Transparent Data Encryption (TDE)

Yesterday, we reviewed multiple encryption strategies available to secure data. Starting with SQL Server 2008, Microsoft introduced Transparent Data Encryption (TDE). Today, we will review TDE in detail.

TDE is also knows as data at rest encryption because the data is encrypted while saving to data store using keys. Anyone without keys will be unable to use data, even if they were able to get hold of it. TDE is a real-time I/O encryption / decryption technique. When data is being saved to the data store, both data and log files are encrypted. Conversely, when being read, the data is decrypted in real time.

The encryption / decryption process uses a database encryption key, also called as DEK. This key is stored in the database boot record to ensure it is available for recovery.

Database Encryption Key is a symmetric key which is secured by a certificate stored in the master database. It could also be an asymmetric key which is protected by an EKM module. Both AES and 3DES algorithms can be used to encrypt/decrypt data at this level. TDE encryption is performed at the page level. Page is encrypted before saving to data store and decrypted when read from the data store.

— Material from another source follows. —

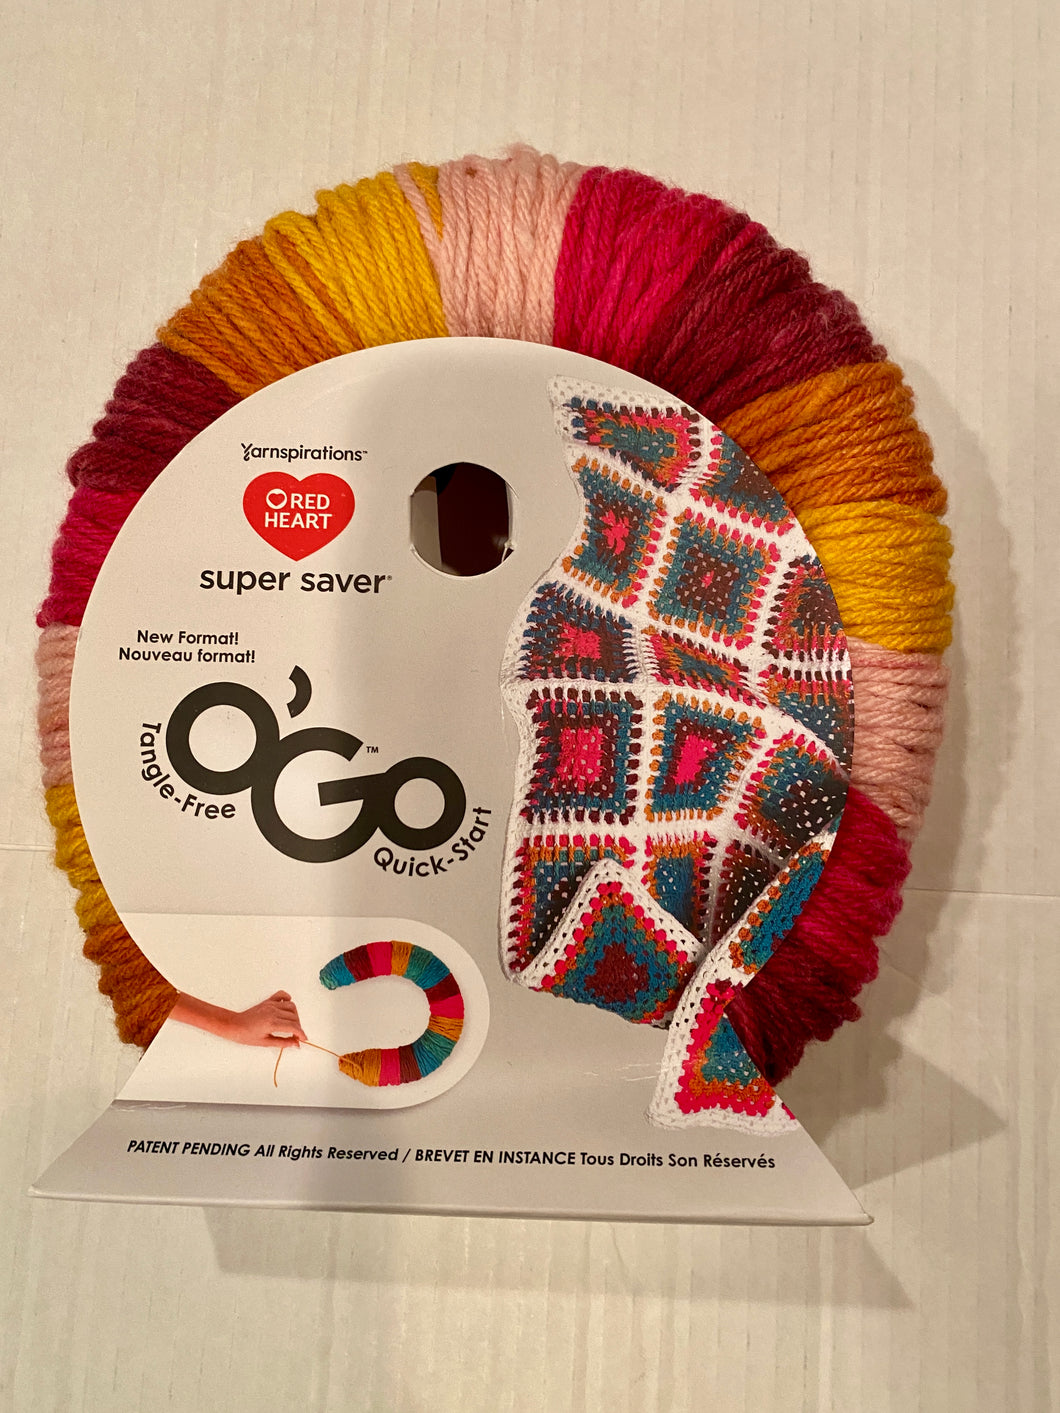 NWT red heart O’Go yarn in pink and gold 236 yards

If you move the database from one server to another, you must decrypt the database first, move the database, restore and then re-enable TDE on the destination server.

When you enable TDE, make sure to backup the certificate and the associated private key. If the certificate ever becomes unavailable, you will need the backups of both the certificate and the private key to read the data.

Even if you remove TDE, make sure to keep the certificate handy because some transaction logs may still be encrypted.

Below is the architectural illustration of TDE

Following commands can be used to enable TDE

USE master;
GO
CREATE MASTER KEY ENCRYPTION BY PASSWORD = '<strongpassword>';
go
CREATE CERTIFICATE MyServerCert WITH SUBJECT = 'My DEK Certificate';
go
USE <Your_Database>;
GO
CREATE DATABASE ENCRYPTION KEY
WITH ALGORITHM = AES_128
ENCRYPTION BY SERVER CERTIFICATE MyServerCert;
GO
ALTER DATABASE <Your_Database>
SET ENCRYPTION ON;
GO

Thank you.

Sunday, September 6, 2015

Data Encryption

SQL Data Encryption Techniques

With several recent high profile hacks many companies, especially the ones that operate in healthcare space or retail space are worried about whether they are HIPPA and PCI compliant.

Most organizations have taken steps to ensure physical security and have deployed robust tools such as expensive firewalls, SSL and digital code signing techniques.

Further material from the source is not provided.